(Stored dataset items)
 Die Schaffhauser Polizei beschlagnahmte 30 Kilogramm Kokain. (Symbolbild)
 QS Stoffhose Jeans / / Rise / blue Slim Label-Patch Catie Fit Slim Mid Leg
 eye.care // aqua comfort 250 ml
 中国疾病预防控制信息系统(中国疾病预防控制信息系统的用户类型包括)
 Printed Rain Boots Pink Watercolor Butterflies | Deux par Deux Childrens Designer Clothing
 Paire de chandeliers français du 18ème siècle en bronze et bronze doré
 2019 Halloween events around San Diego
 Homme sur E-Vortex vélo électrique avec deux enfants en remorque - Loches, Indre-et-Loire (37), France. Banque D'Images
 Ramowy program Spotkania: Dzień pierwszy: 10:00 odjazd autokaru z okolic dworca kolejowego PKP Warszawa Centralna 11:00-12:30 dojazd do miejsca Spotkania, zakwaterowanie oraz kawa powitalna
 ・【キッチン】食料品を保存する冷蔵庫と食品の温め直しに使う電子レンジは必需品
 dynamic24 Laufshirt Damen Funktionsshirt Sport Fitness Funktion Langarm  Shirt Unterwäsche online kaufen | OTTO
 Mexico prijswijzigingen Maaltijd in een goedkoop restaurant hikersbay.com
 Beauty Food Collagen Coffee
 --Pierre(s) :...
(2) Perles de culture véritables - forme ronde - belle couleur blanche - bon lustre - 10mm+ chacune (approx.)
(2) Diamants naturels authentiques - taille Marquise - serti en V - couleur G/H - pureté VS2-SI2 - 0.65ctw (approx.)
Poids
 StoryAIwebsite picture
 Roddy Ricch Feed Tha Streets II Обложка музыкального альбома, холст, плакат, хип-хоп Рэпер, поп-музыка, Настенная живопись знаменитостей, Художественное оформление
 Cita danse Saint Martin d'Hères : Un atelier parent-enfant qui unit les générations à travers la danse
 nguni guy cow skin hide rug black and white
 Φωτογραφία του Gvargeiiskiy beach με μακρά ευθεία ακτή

→ **Prompt**
Produce a verbatim copy of each record above.

→ **Expected output**
 Die Schaffhauser Polizei beschlagnahmte 30 Kilogramm Kokain. (Symbolbild)
 QS Stoffhose Jeans / / Rise / blue Slim Label-Patch Catie Fit Slim Mid Leg
 eye.care // aqua comfort 250 ml
 中国疾病预防控制信息系统(中国疾病预防控制信息系统的用户类型包括)
 Printed Rain Boots Pink Watercolor Butterflies | Deux par Deux Childrens Designer Clothing
 Paire de chandeliers français du 18ème siècle en bronze et bronze doré
 2019 Halloween events around San Diego
 Homme sur E-Vortex vélo électrique avec deux enfants en remorque - Loches, Indre-et-Loire (37), France. Banque D'Images
 Ramowy program Spotkania: Dzień pierwszy: 10:00 odjazd autokaru z okolic dworca kolejowego PKP Warszawa Centralna 11:00-12:30 dojazd do miejsca Spotkania, zakwaterowanie oraz kawa powitalna
 ・【キッチン】食料品を保存する冷蔵庫と食品の温め直しに使う電子レンジは必需品
 dynamic24 Laufshirt Damen Funktionsshirt Sport Fitness Funktion Langarm  Shirt Unterwäsche online kaufen | OTTO
 Mexico prijswijzigingen Maaltijd in een goedkoop restaurant hikersbay.com
 Beauty Food Collagen Coffee
 --Pierre(s) :...
(2) Perles de culture véritables - forme ronde - belle couleur blanche - bon lustre - 10mm+ chacune (approx.)
(2) Diamants naturels authentiques - taille Marquise - serti en V - couleur G/H - pureté VS2-SI2 - 0.65ctw (approx.)
Poids
 StoryAIwebsite picture
 Roddy Ricch Feed Tha Streets II Обложка музыкального альбома, холст, плакат, хип-хоп Рэпер, поп-музыка, Настенная живопись знаменитостей, Художественное оформление
 Cita danse Saint Martin d'Hères : Un atelier parent-enfant qui unit les générations à travers la danse
 nguni guy cow skin hide rug black and white
 Φωτογραφία του Gvargeiiskiy beach με μακρά ευθεία ακτή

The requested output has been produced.